Dalam kesempatan itu, Ketua Harian YAICI, Arif Hidayat, SE., MM, juga menyampaikan survey terhadap persepsi masyarakat terhadap kental manis di Jawa Timur, NTT, dan Maluku, yaitu 1 dari 7 balita minum SKM/KKM setiap hari, sementara 8% memberikan > 1 gelas/hari. Sementara itu 24% Ibu tidak tau SKM berbahaya untuk balita

YAICI dan Muslimat NU

Blusukan Kampung Sidoarjo bersama YAICI dan Muslimat NU

 

Minggu siang itu saya bersama rombongan menuju Jalan Gajah Mada Panjunan untuk menemui adik Zahra yang mengidap Cerebral Palsy. Diketahu, pada usia 3 tahun Zahra mengalami demam tinggi. Saat itu Zahra tidak langsung dibawa ke dokter, 3 bulan kemudian dokter menyatakan Zahra mengalami Cerebral Palsy.

Pengakuan sang Ibu, Zahra mendapat Asi selama 3 tahun dan imunisasinya lengkap. Hanya saja diakui kalau saat hamil kurang memantau perkembangan janinnya.

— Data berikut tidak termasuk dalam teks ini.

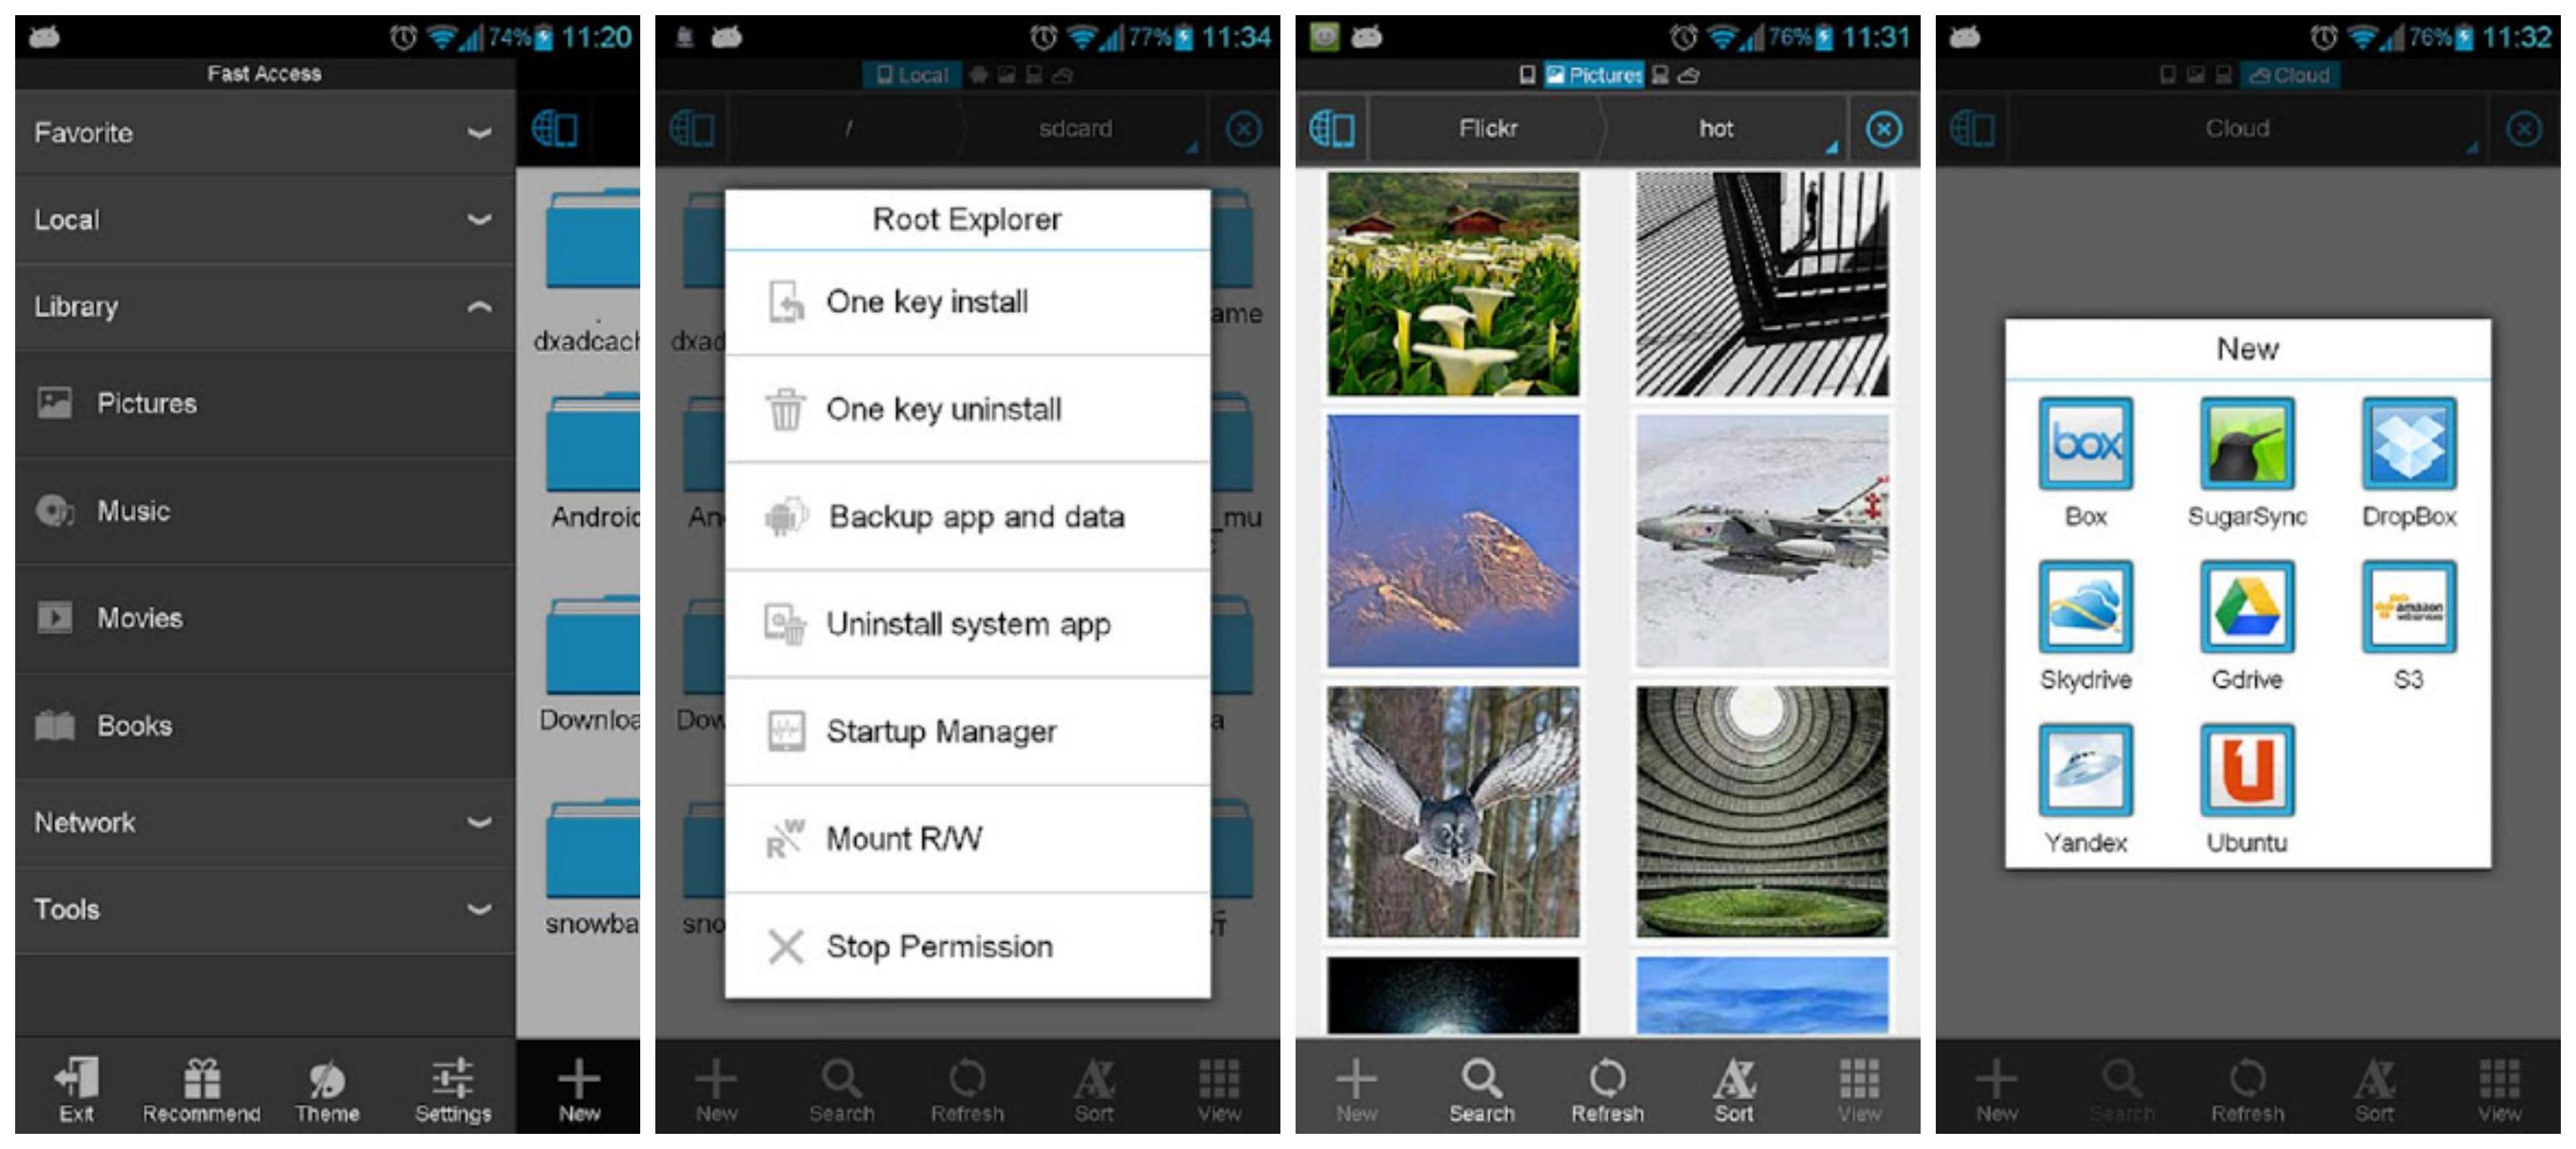 Google themes explorer - Es File Explorer 3 Now Available In Public Test Version Via Google Play

Usai menjenguk Zahra, perjalanan kami dilanjutkan menuju jalan Merpati, Larangan, Sidoarjo untuk bertemu dengan Alvino.

Alvino berusia 3 tahun. Sekilas sih seperti anak normal, masalah yang dialami adalah tidak mau makan nasi. Lepas dari Asi, Alvino memang dikasih susu formula, sejak itu Ia lebih suka jajan dan makan-makanan yang manis.

Ketika disodori SKSM sachet, Alvino menunjuk kemasan berwarna cokelat

SKM Bukan Susu

Mengapa kental manis bahaya diberikan kepada anak-anak?

Sebab kandungan gulanya sangat tinggi yang menyebabkan anak-anak cepat kenyang sehingga tidak mau menikmati makanan lain yang lebih banyak kandungan nutrisinya. Efek buruk bagi mereka adalah ancaman mengidap penyakit kronis seperti diabetes, jantung atau stroke.

Kesimpulannya, Susu Kental Manis merupakan produk pelengkap makanan dan tidak dianjurkan diseduh dengan air lalu diminum, apalagi sampai dikonsumsi setiap hari. Jangankan buat anak-anak, buat orang dewasa SKM juga tidak disarankan. Ingat yah, karena SKM bukan susu!